Monday, December 26, 2005

Last Thoughts on Christmas

(at least for this year).

The Christmas/Holiday question seems to break on party lines. Liberals are quite happy changing the name, conservatives and libertarians think that the holiday should be called by its real name. This is an interesting split and shows that the issue is part of a larger culture war.

On the conservative side, the argument is simple - the holiday is Christmas. Call it that. The defense from the other side are varied. One is that this is an attempt to commercialize Christmas even more. This is silly. The commercialization is there regardless.

The best argument for "holidays" is that we are increasingly becoming a multi-cultural society and we need to amend our customs so as not to offend our new citizens.

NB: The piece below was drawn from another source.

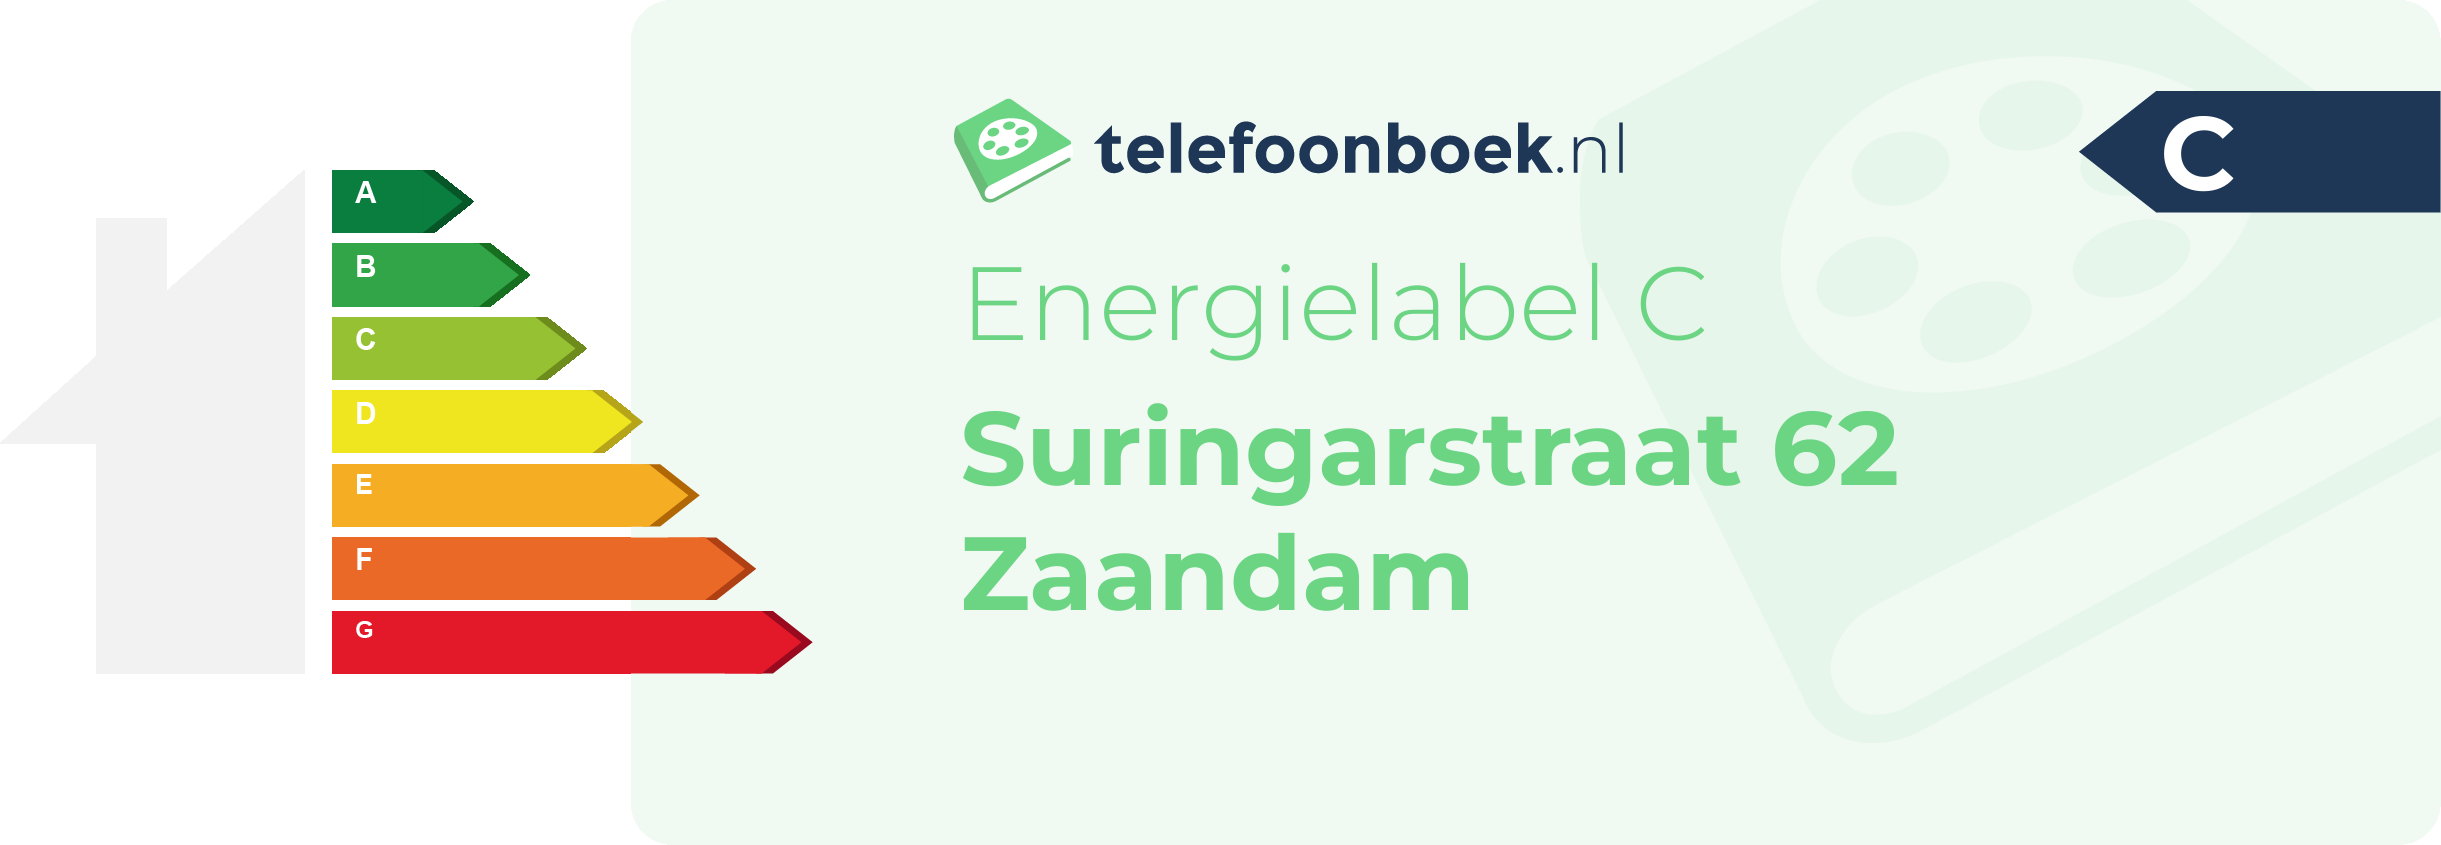 Energielabel Suringarstraat 62 Zaandam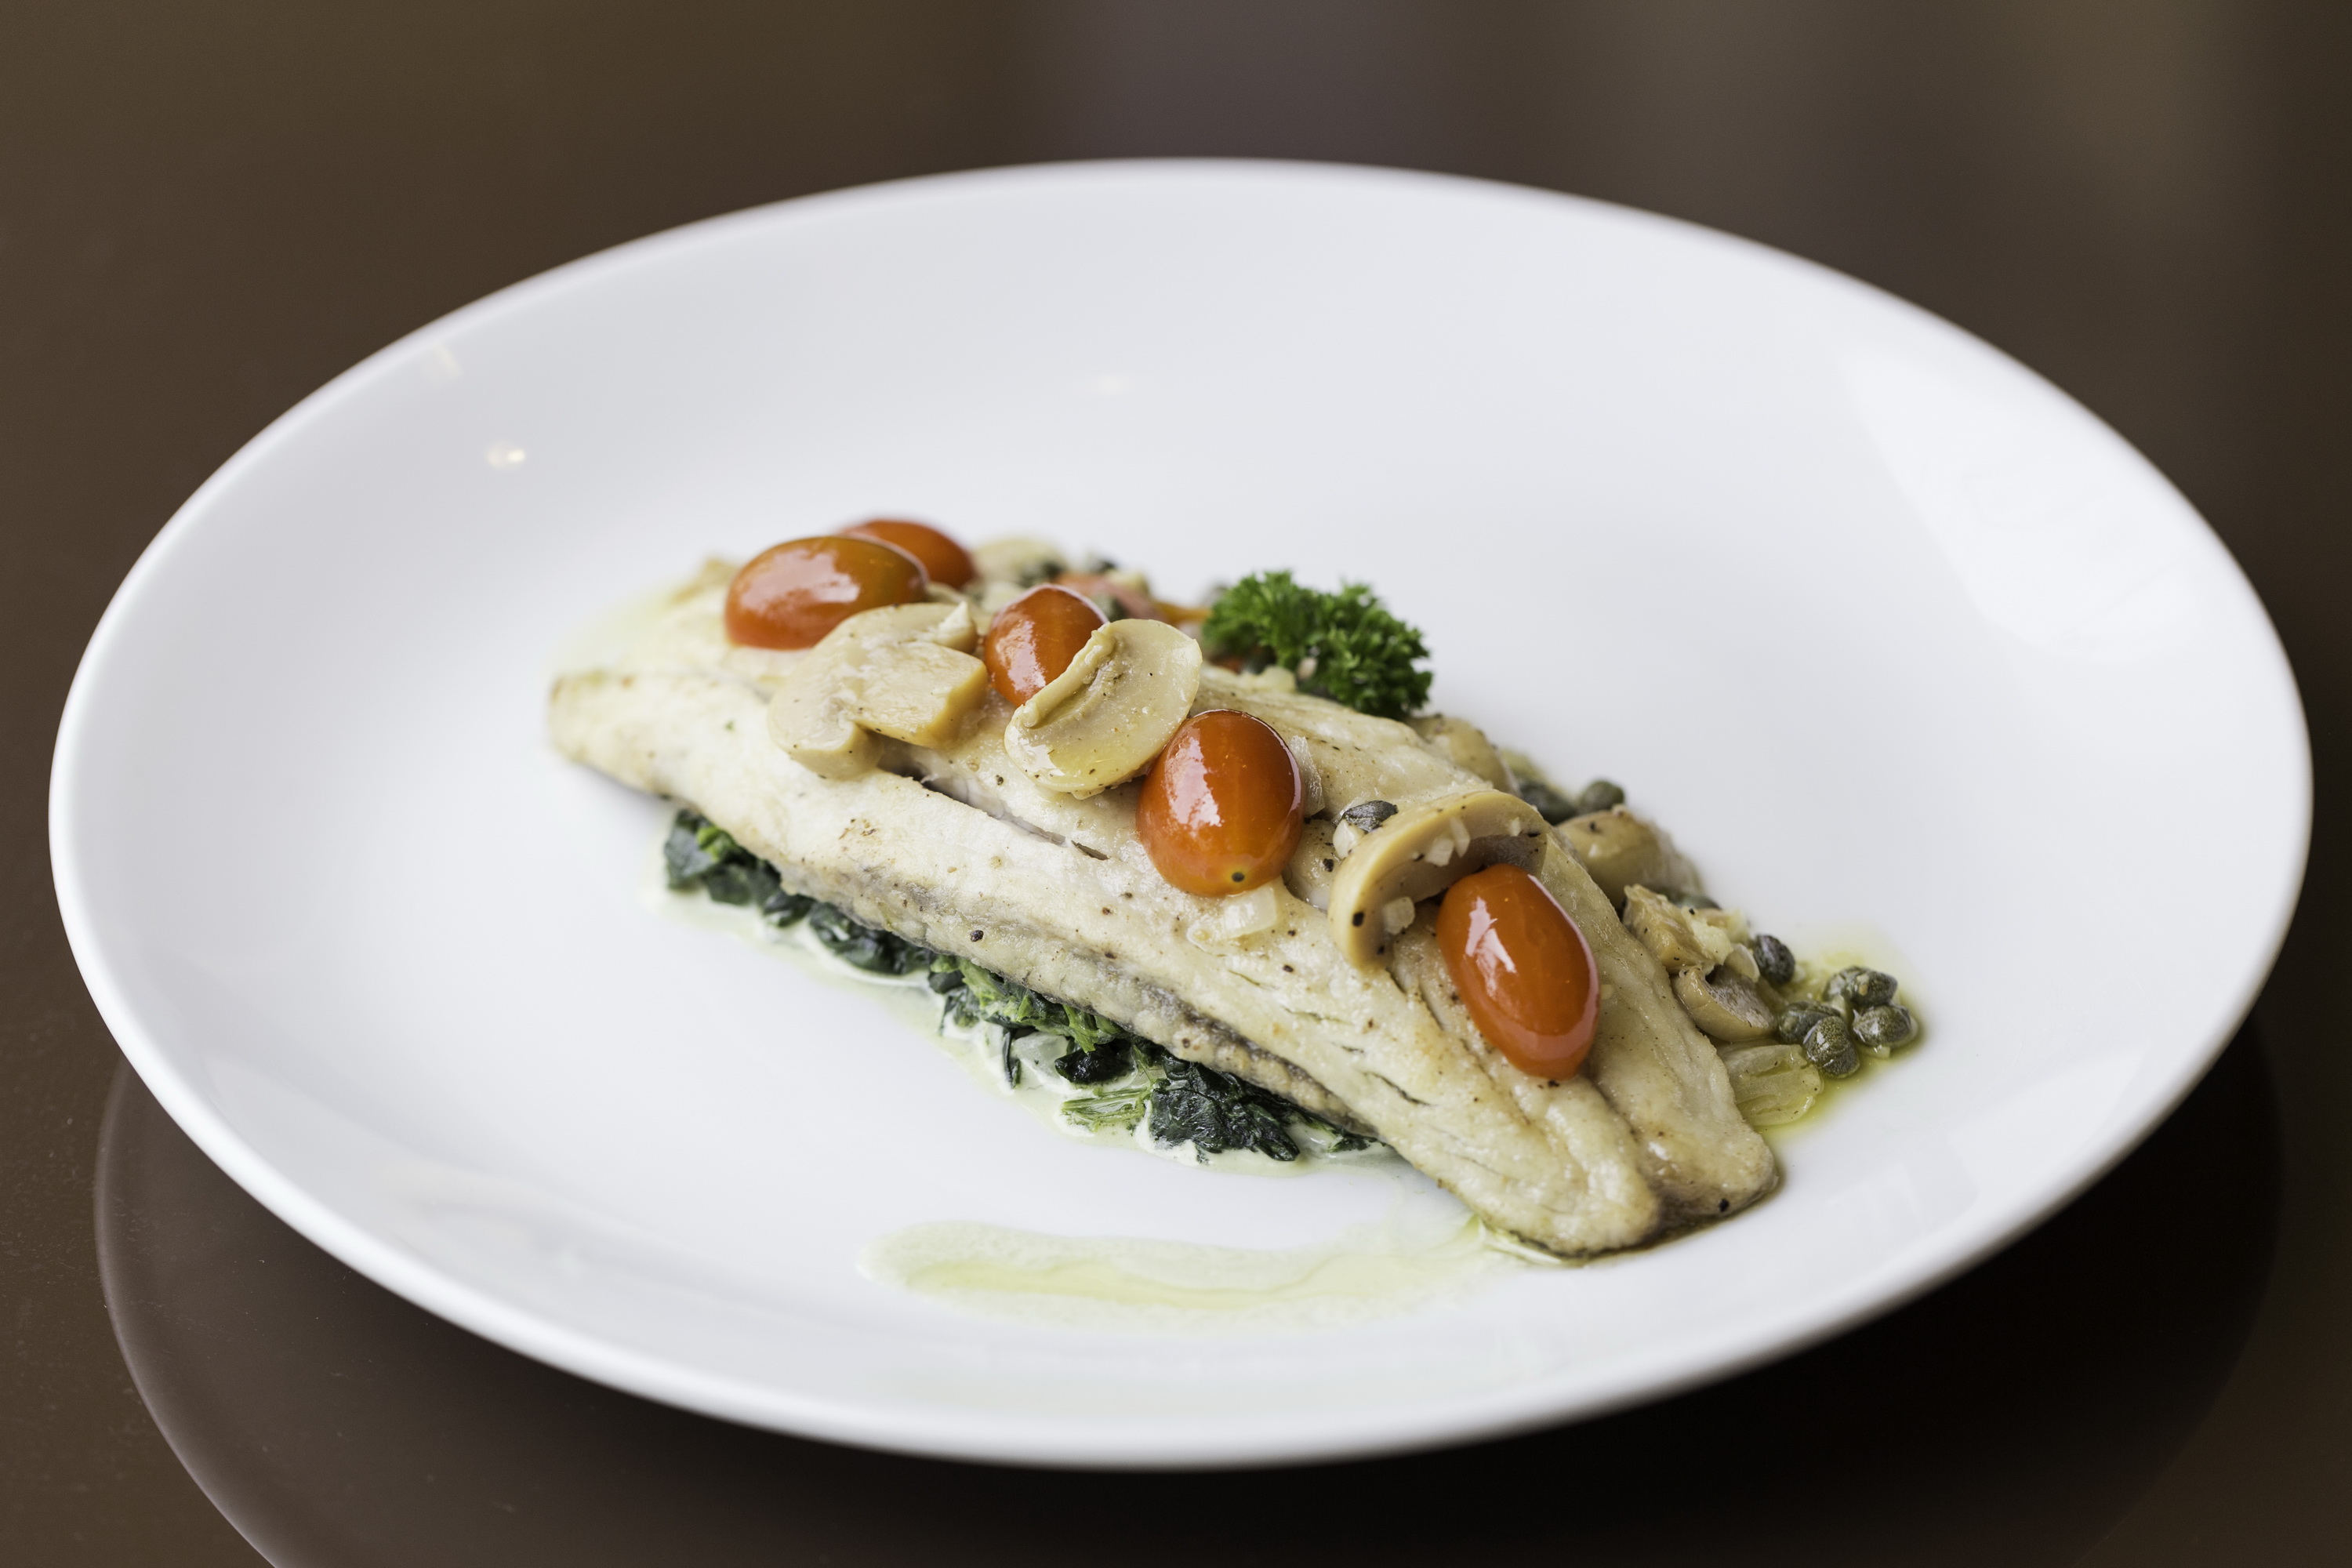 รูปภาพของ เนื้อปลากะพงขาวทอด เสิร์ฟพร้อมผักโขมผัดเนย ที่ห้องอาหารเลอ มาแรงน์ โรงแรม เคป ราชา ศรีราชา

This sounds great in theory but that theory includes a couple of assumptions. One is that the Christian element of Christmas offends most non-Christians. If this is so then the anti-Christmas people should be fighting against American Mosques broadcasting prayers over loudspeakers several times a day. If a Christmas tree on public land is offensive then a call to prayer audible in the same public land must be even worse. Funny thing, though. The anti-Christmas people fight for the rights of Muslims to blare out prayers.

Many liberals look to Europe, especially France, as a guide for modern society. The Europeans are mainly secular. Most are Catholic and most are non-believers.

So what does a secular society do about Christmas and how does its 10% Muslim population react? It turns out that they celebrate Christmas, even the Muslims.

If secular France doesn't have a problem with Christmas then why do we?